# INFORMATION SHOWN:
◆ ◆ ◆ ◆ ◆ ◆ ◆

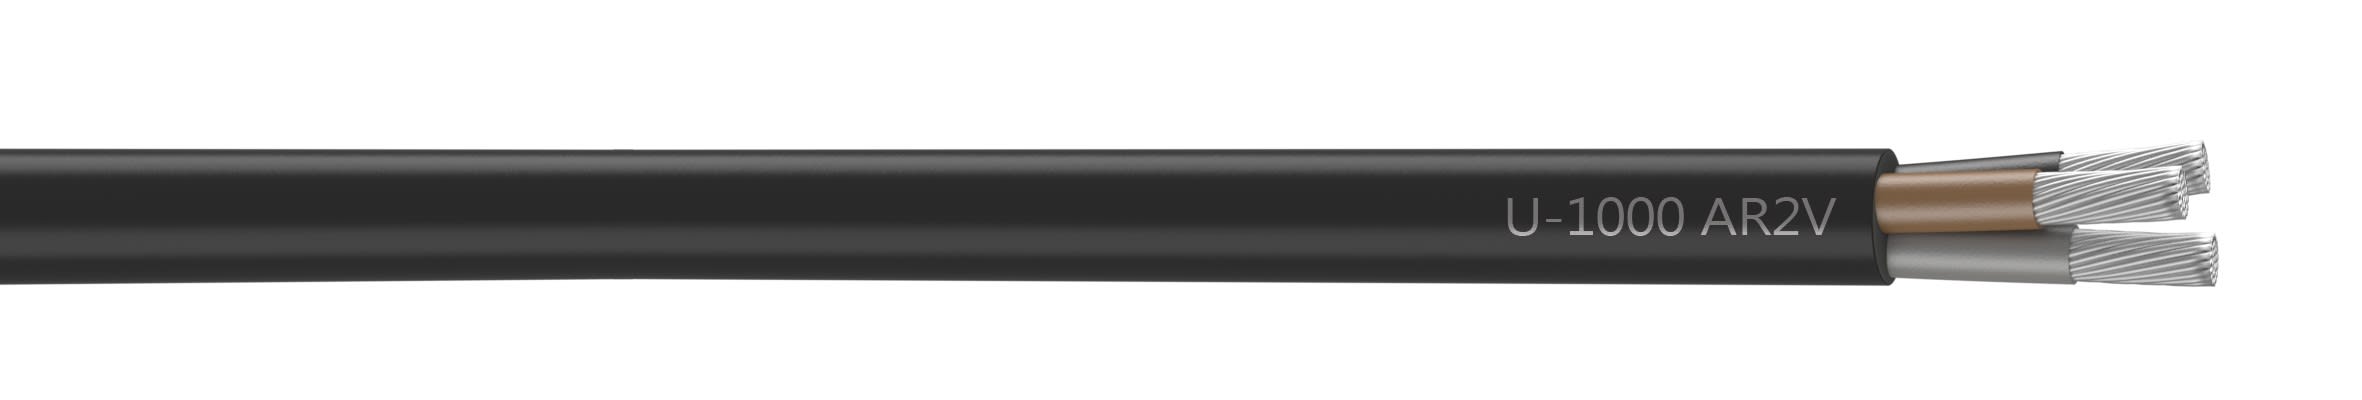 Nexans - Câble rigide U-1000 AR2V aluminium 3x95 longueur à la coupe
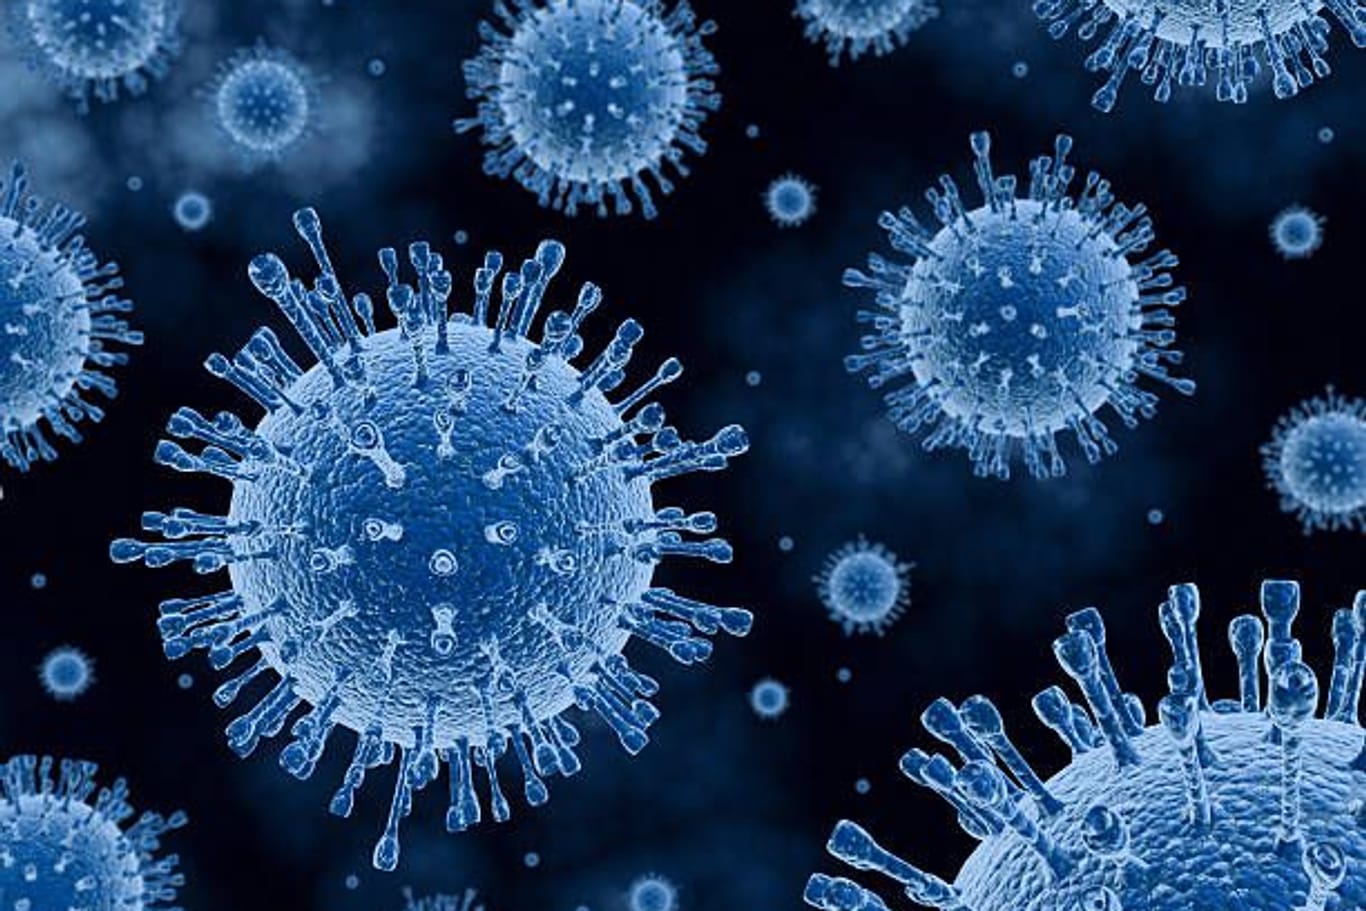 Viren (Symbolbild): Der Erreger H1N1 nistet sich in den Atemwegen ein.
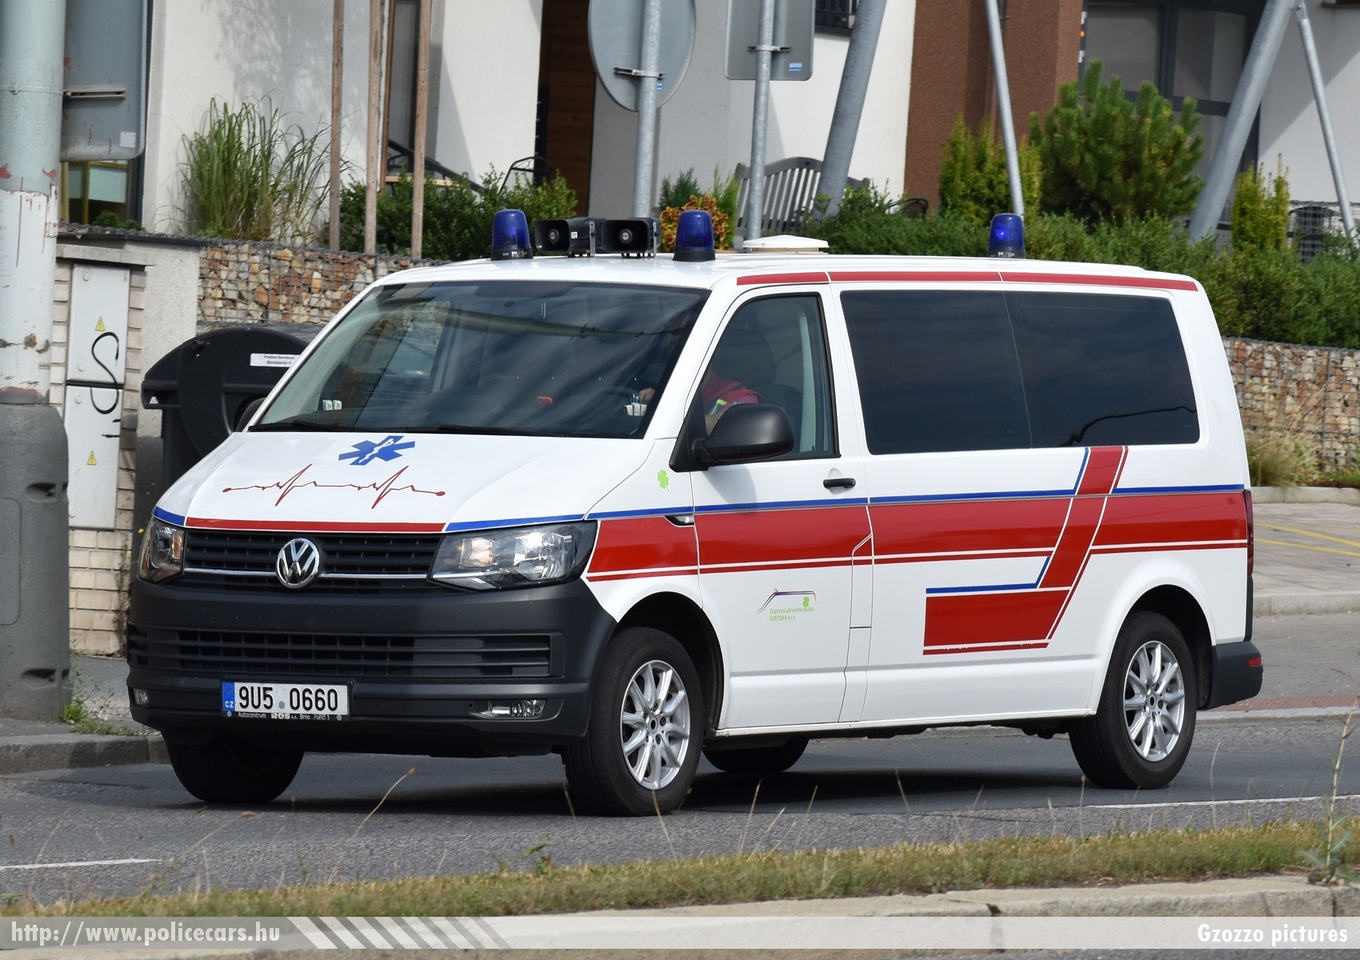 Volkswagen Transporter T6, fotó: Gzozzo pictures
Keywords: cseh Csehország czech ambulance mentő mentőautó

◆ ◆ ◆ ◆ ◆ ◆ ◆

Write out, word for word, the lines running from the one containing "Volkswagen Transporter T6, fotó: Gzozzo" to the end of the data above; the pictures are to be left out.

# WRITTEN RESPONSE:
 Volkswagen Transporter T6, fotó: Gzozzo pictures
Keywords: cseh Csehország czech ambulance mentő mentőautó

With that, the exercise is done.